Can you please explain the main core problem with RPKM normalization (as a measure of relative abundance), using a simple example, and why TPM solves this? Different explanations for why the RPKM unit is bad are: (a) it uses length normalization, (b) it normalizes to total library size, (c) because average RPKM value is not maintained across samples, or (d) few transcripts dominate the whole, or (e) assumption that total RNA is same across samples. Which is the main correct explanation?
1. This source (http://lectures.molgen.mpg.de/Functional_Genomics_WS1112/RNA-seq1.pdf) gives an example of two equal length genes. In condition 1, Gene A has 50,000 reads and Gene B has 0. In condition 2, Gene A has 50,000 reads and Gene B has 10,000 reads. The average RPKM in condition 1 and condition 2 is the same, so condition (c) isn't violated. Source says Gene A has different RPKMs in condition 1 and condition 2 - why is it problem? If reads sampled in proportion to length and expression there could not be 50,000 reads for gene A in both. Is this really a good example of RPKM giving the wrong answer?
2. The Wagner paper (http://lynchlab.uchicago.edu/publications/Wagner,%20Kin,%20and%20Lynch%20%282012%29.pdf) says the problem is normalization by total read length too. They say it leads to different average RPKMs per sample: "The reason for the inconsistency of RPKM across samples arises from the normalization by the total number of reads." In the example above this is not a problem. Average RPKM is the same in both conditions. Only when the gene lengths are different that you get different average:
Condition 1: Gene A: 50,000 reads, Gene B: 0 reads
Condition 2: Gene A: 50,000 reads, Gene B: 10,000 reads
If length A is 1000 and length of B is 10 then average RPKM for condition 1 is 0.5 and for condition 2 it is 8.75, so avg RPKM is different.

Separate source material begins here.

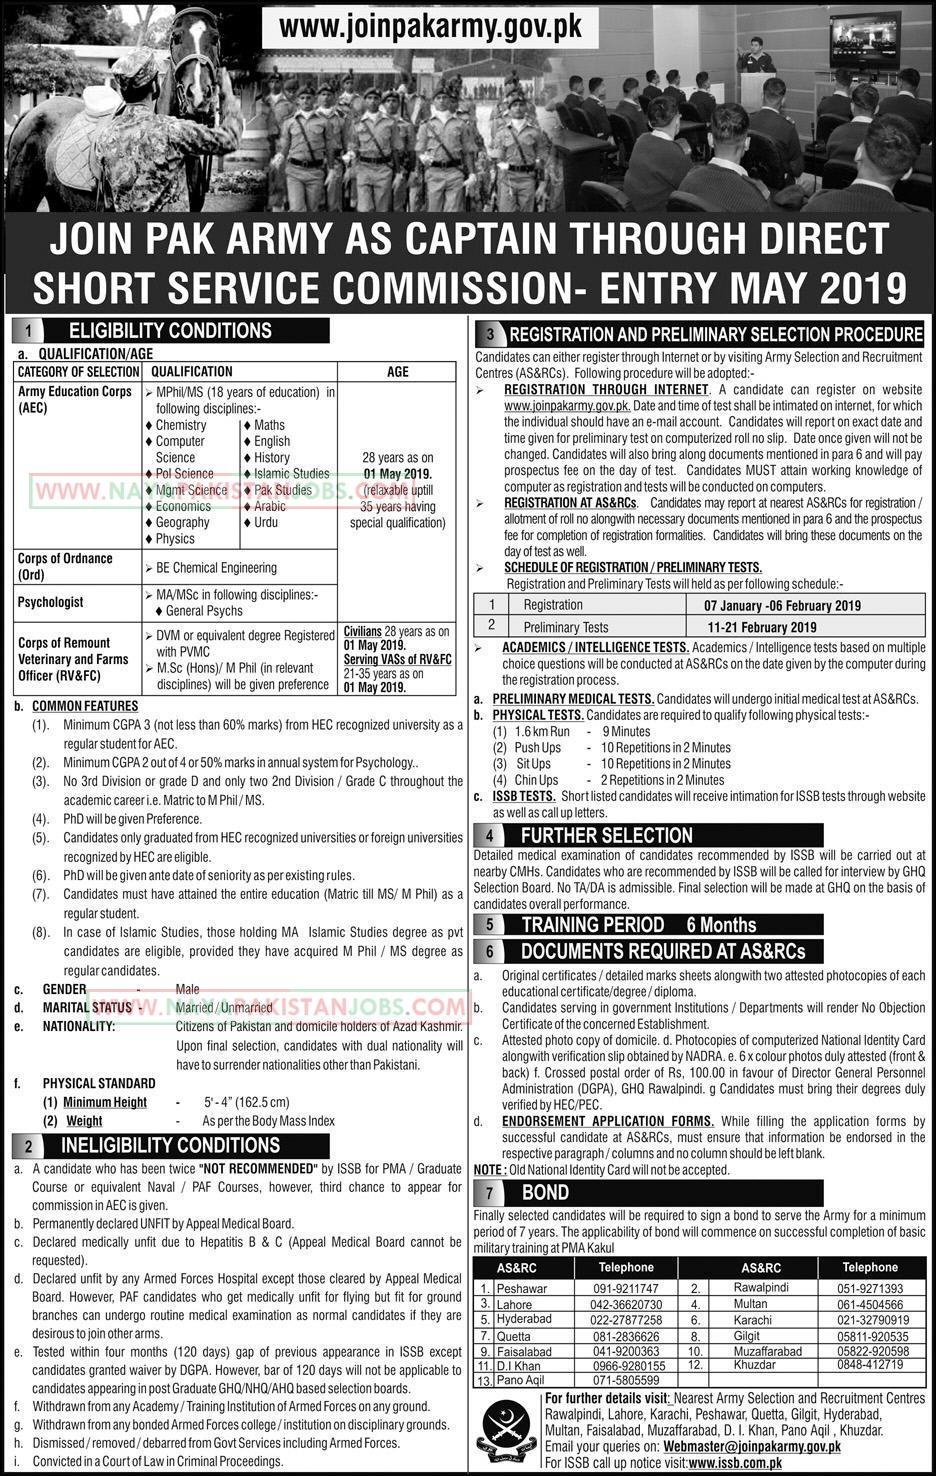 Pak Army jobs, join pak army, pak army captain jobs 2019, join pak army as captain, join pakistan army 2019

3. The same source (http://lectures.molgen.mpg.de/Functional_Genomics_WS1112/RNA-seq1.pdf) above says that RPKM is dominated by a few highly expressed genes since most of read counts come from those. How is that different from TPM?
4. This (https://www.ebi.ac.uk/training/sites/ebi.ac.uk.training/files/materials/2012/121029_HTS/ernest_turro_normalising_rna-seq_data.pdf) says the problem with RPKM is the assumption of same total RNA per sample. It gives the example: "Suppose you have two RNA populations A and B sequenced at same depth A and B are identical except half of genes in B are unexpressed in A. Only half of reads from B come from shared gene set. Estimates for shared genes differ by factor of ~2". Can someone clarify this with an example?